As I sit here, I find myself gazing at these photographs. I just finished Henry Horenstein’s Animalia, and as I looked at the images of animals, I realised something had shifted in me.



I wasn’t empathising, which I normally do all the time; I was simply observing. There was a strange absence of emotion, yet I felt fully immersed and present. It was as if I had become an outsider, watching from afar—detached, but entirely aware.



It wasn’t just because they were animals or because I am an outsider. I remember, in Zimbabwe, when that young impala wandered off alone, destined to be prey. We couldn’t intervene. Nature's laws are brutal, leaving me with a deep sense of helplessness and sorrow. In moments like these, empathy overwhelms me, and even now, tears well up just thinking about it.

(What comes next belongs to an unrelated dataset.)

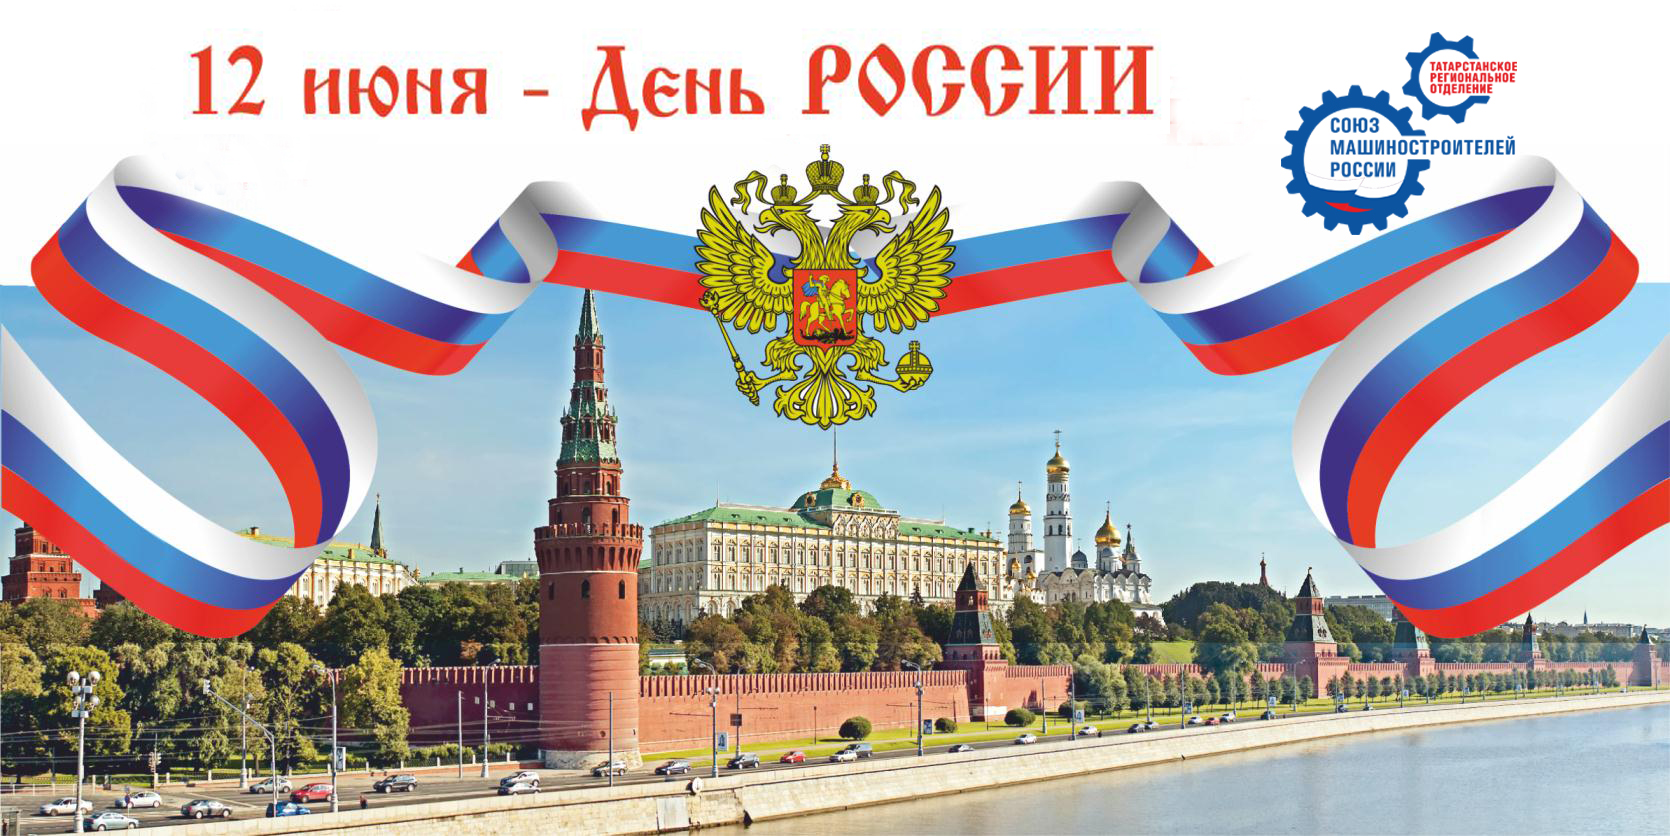 Поздравление Председателя Татарстанского РО Союза машиностроителей России с Днем России! 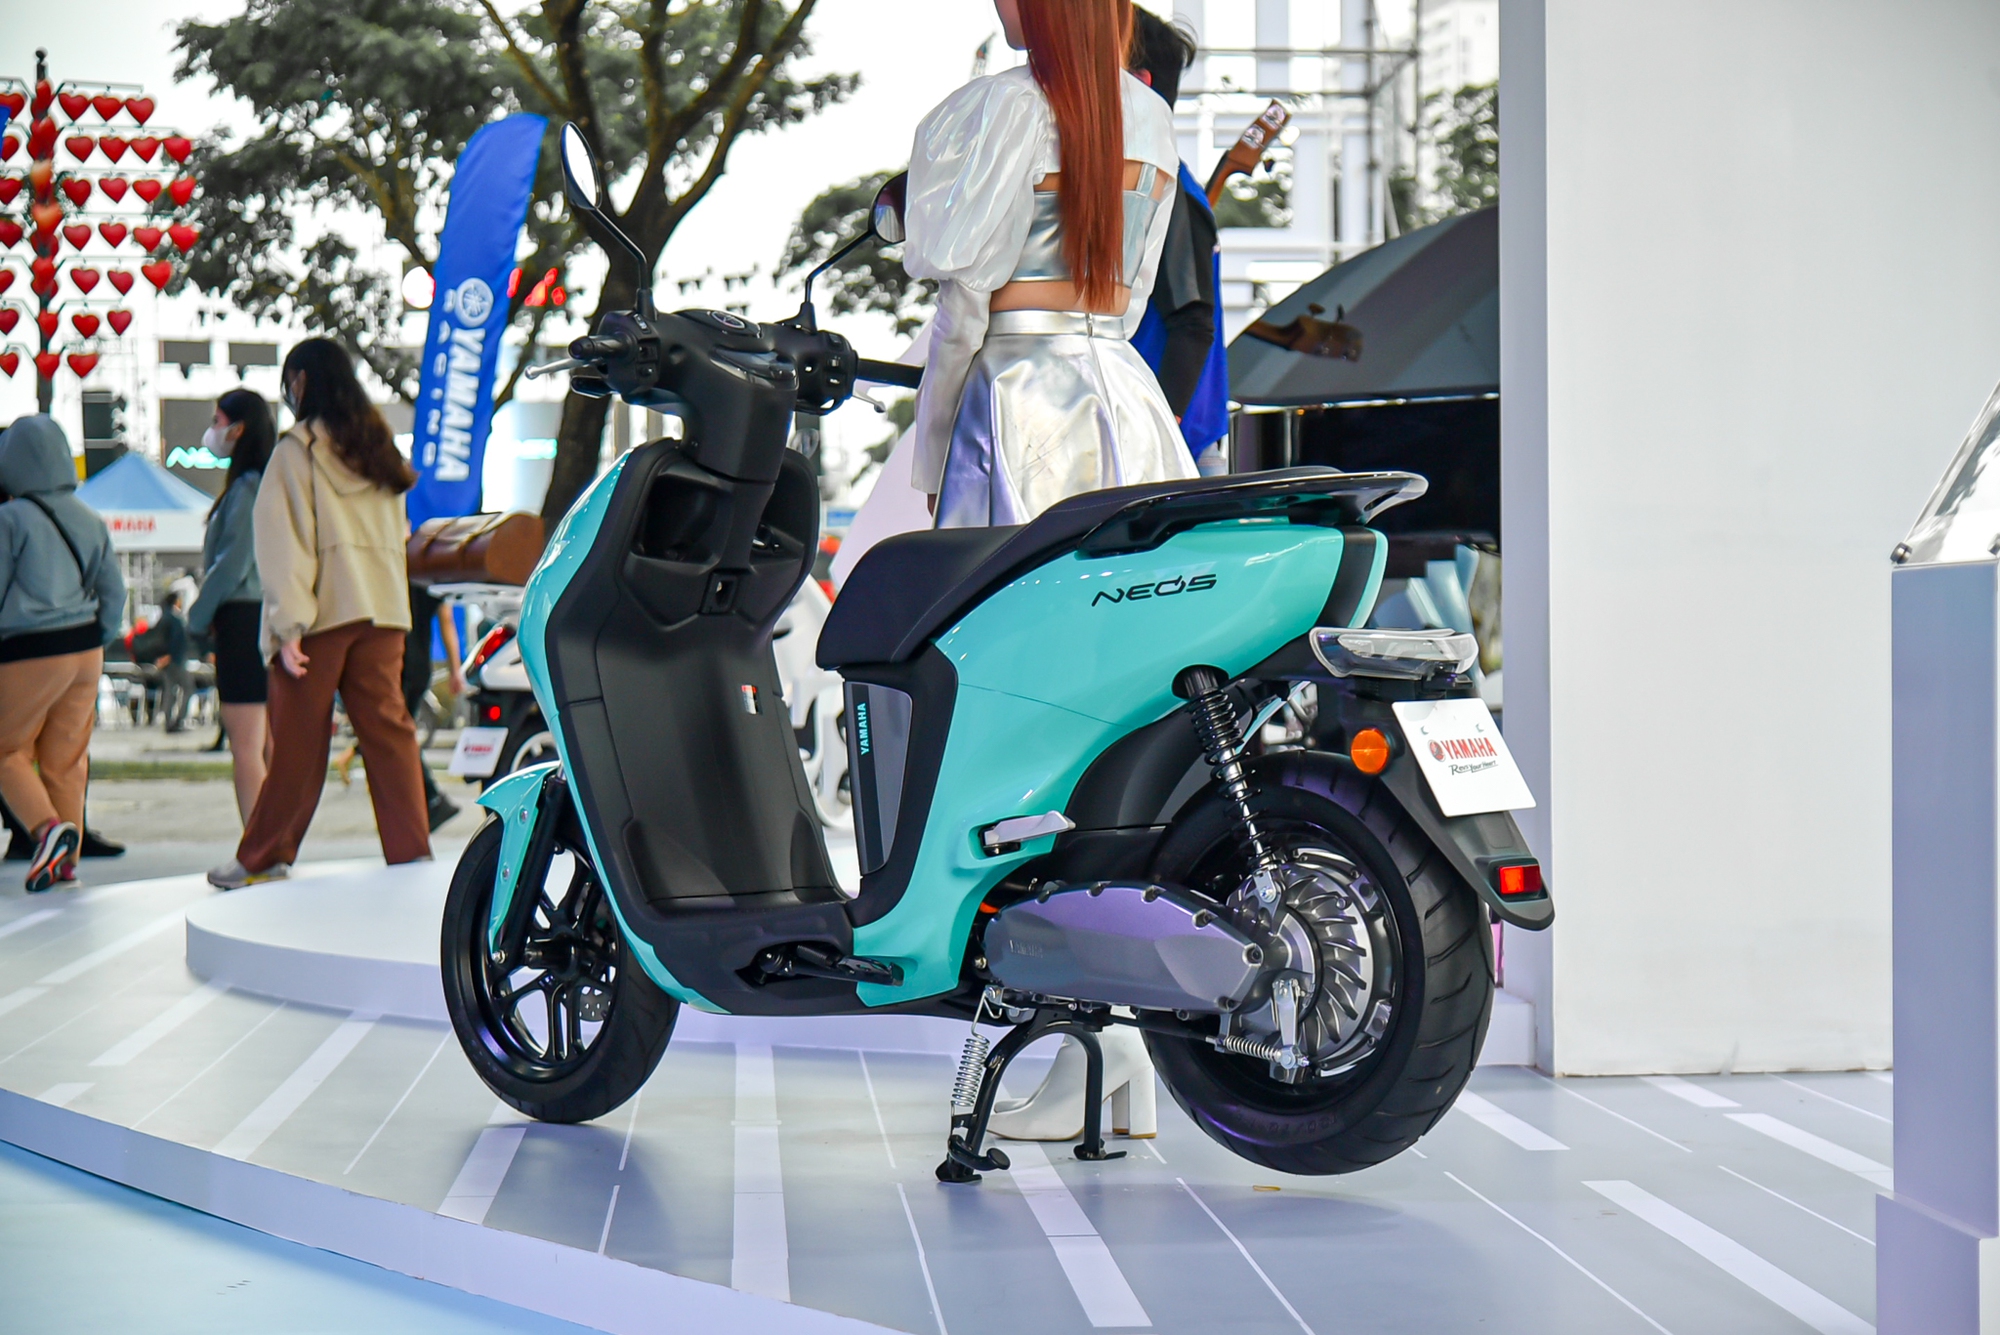 Yamaha Neos ra mắt Việt Nam: Giá 50 triệu đồng, có thể đi tối đa 144 km, cạnh tranh VinFast Vento S - Ảnh 5.

I wonder—how do I navigate the countless possibilities in this world while finding a balance between my emotions and a more detached perspective? It’s not about choosing between the full spectrum of human emotions or the forces of nature, but rather about how I can experience the world deeply without being consumed by empathy. Sometimes, emotion binds me, making me more vulnerable to the weight of the world. Yet, without it, I may gain clarity and distance, but risk losing truly meaningful connections.



How do I strike that balance? How do I embrace both the intensity of experience and the wisdom of distance?